Fall 2025, Prof Sarah Dean

Please open a large, searchable text document on your laptop or phone

Shannon's Language Generation

described in "A Mathematical Theory of Communication" (Shannon, 1948)

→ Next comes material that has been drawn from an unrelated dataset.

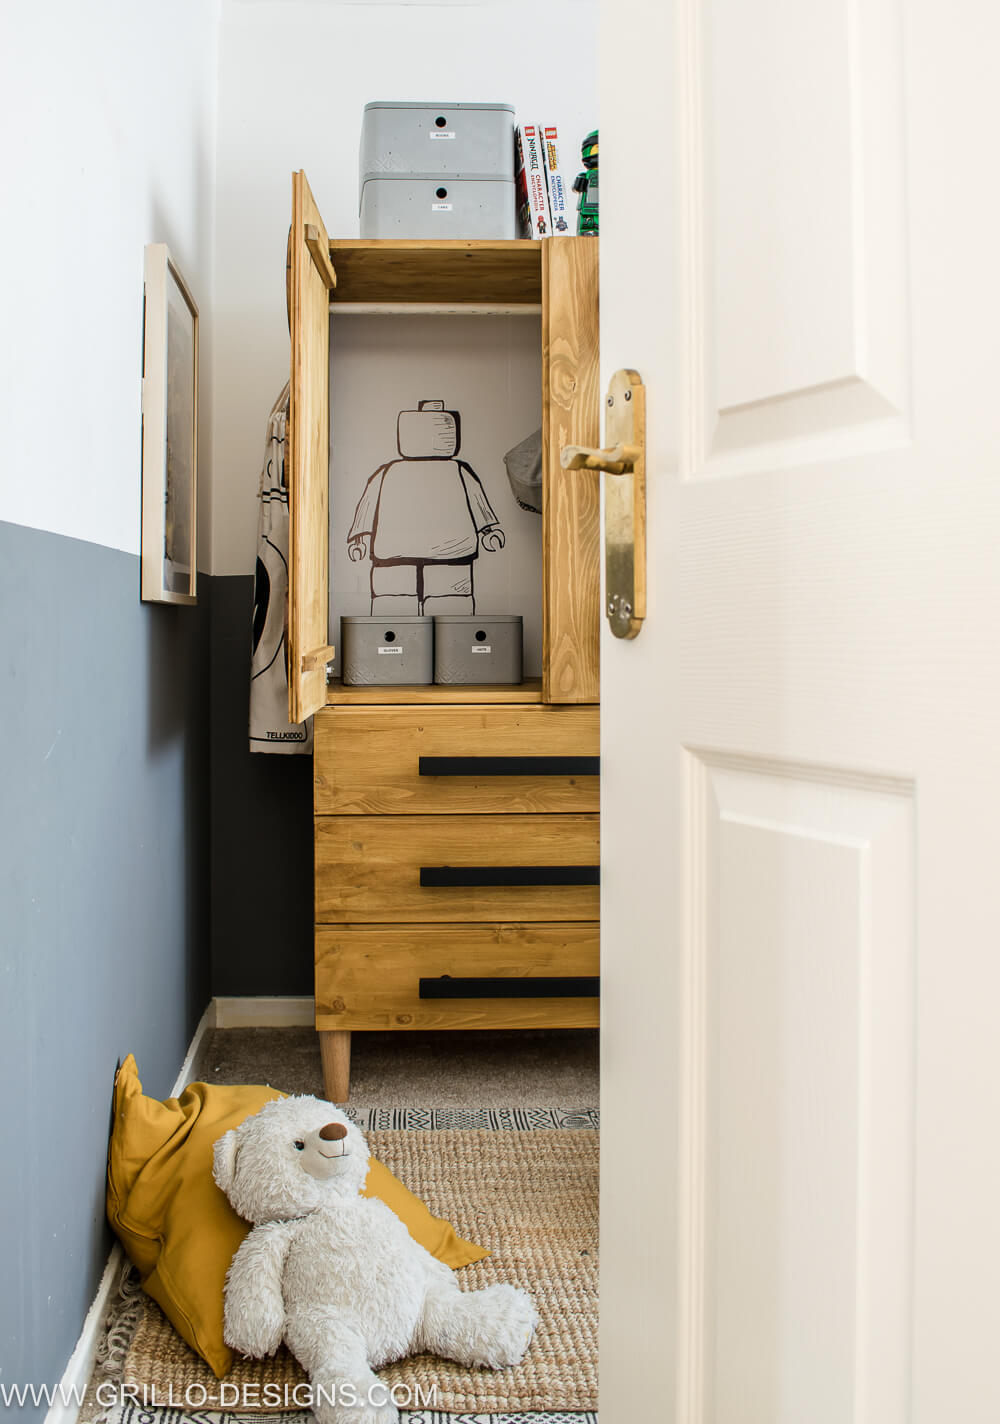 Easy Furniture Hack: How to Make a LEGO Inspired Wardrobe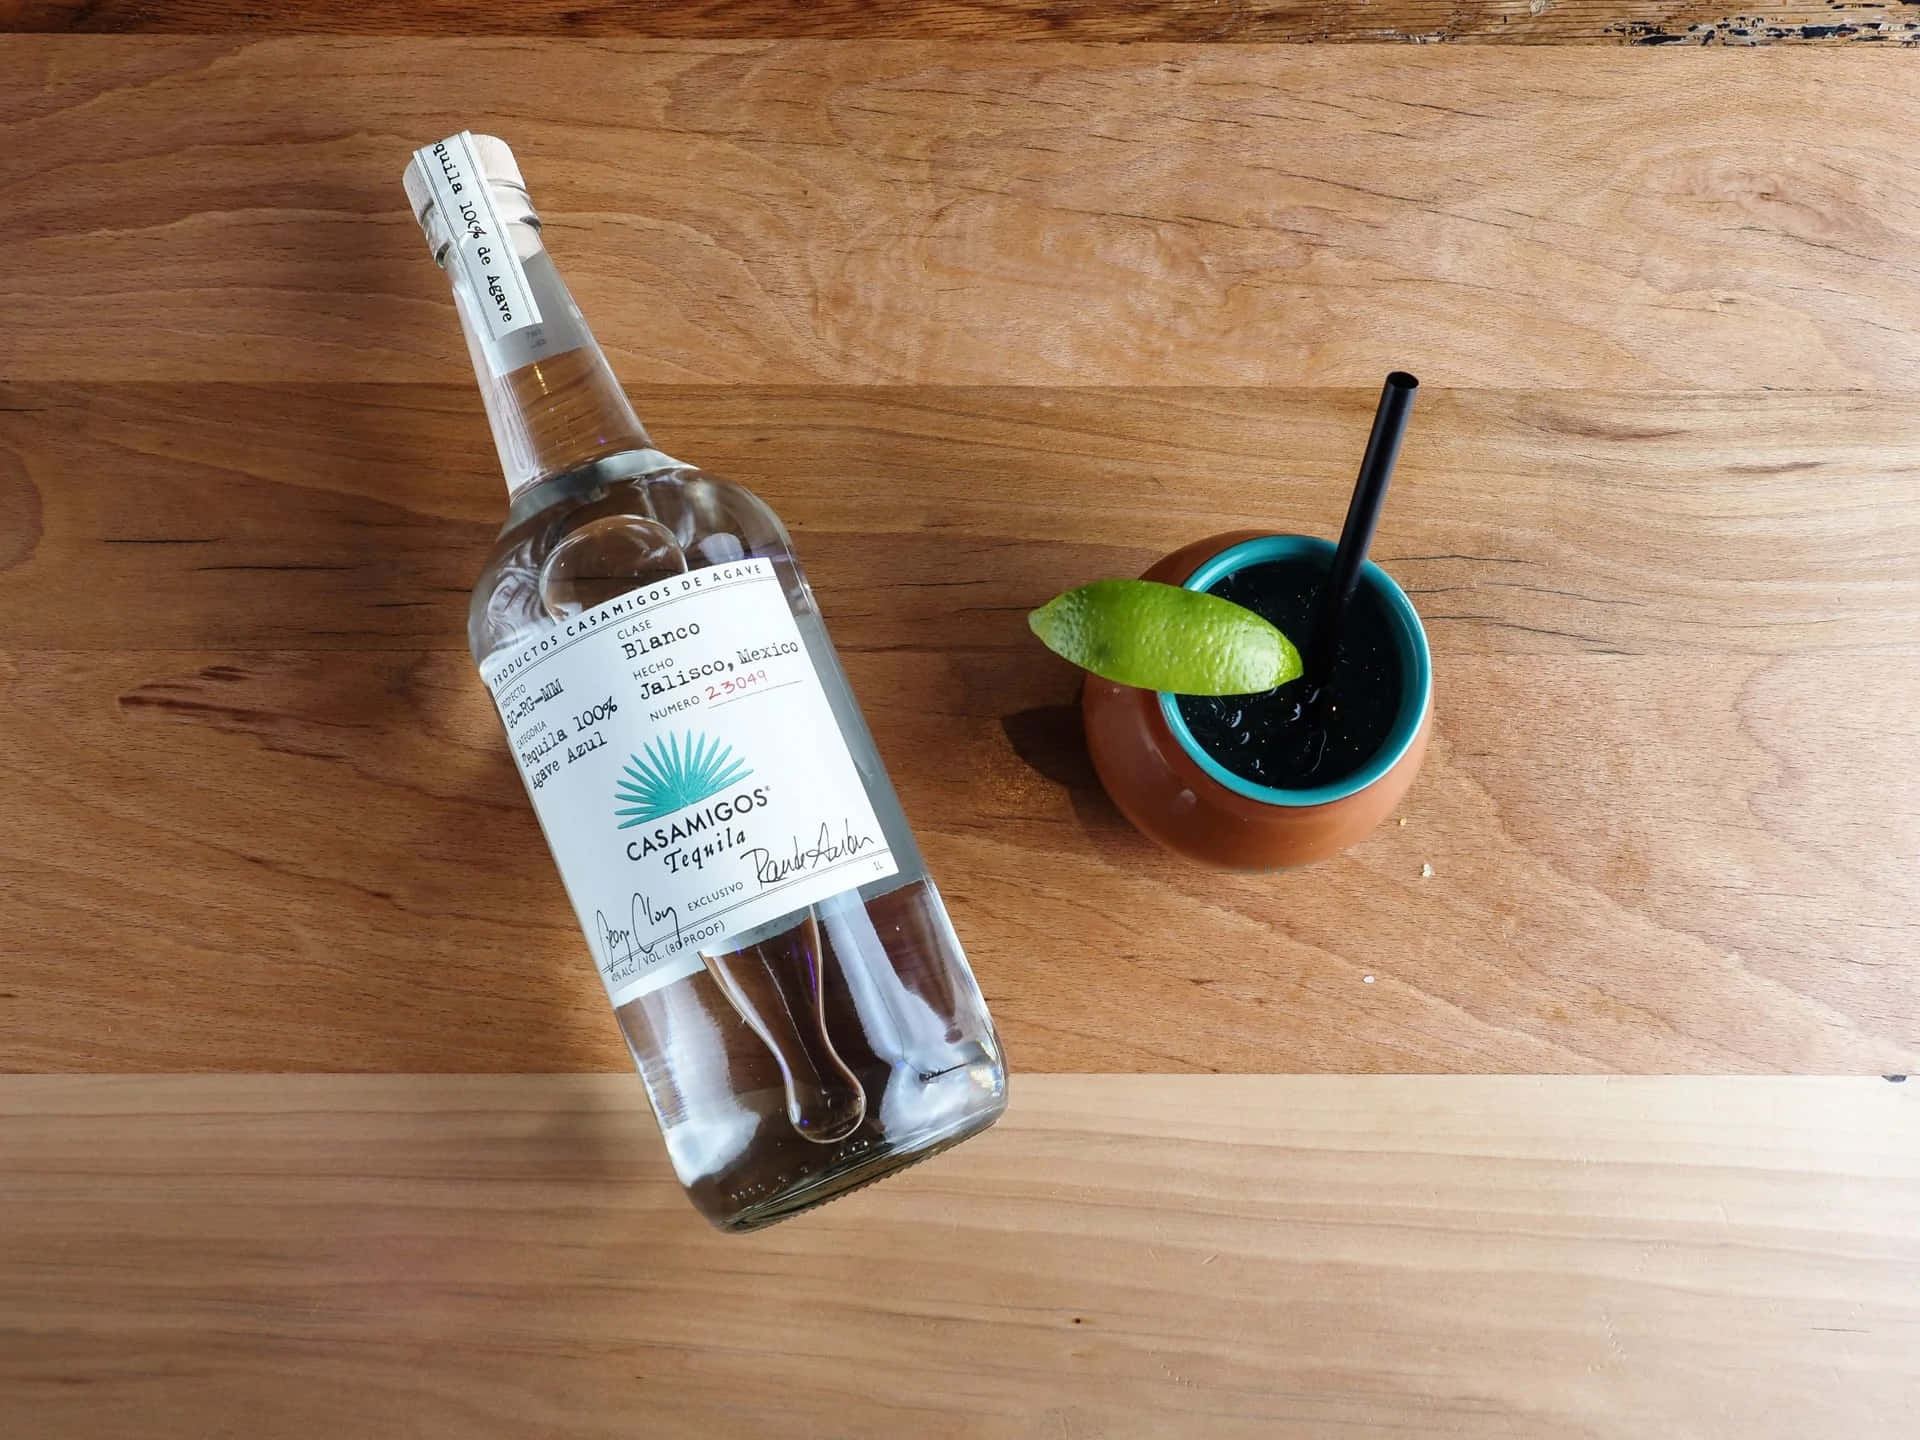 Caption: Exceptional Taste with Casamigos Tequila Blanco Mule Cocktail Wallpaper

and in The Hedgehog Review article Language Machinery

exercise inspired by Jordan Ellenberg

Bigram generation

"What we do"

  • Given: sequences \(\{\{x_{k,i}\}_{k=1}^{K_i}\}_{i=1}^n\) of symbols \(x\in\mathcal X\) in a finite alphabet
  • Sample \(\hat x_0\) at random from data
  • For \(t=1,2,...\)
    • Collect instances in data where \(x_{k,i} = \hat x_{t-1}\) $$\mathcal S = \{x_{k+1,i} | x_{k,i} = \hat x_{t-1}\}$$
    • Sample \(\hat x_t\) (uniformly) at random from \(\mathcal S\)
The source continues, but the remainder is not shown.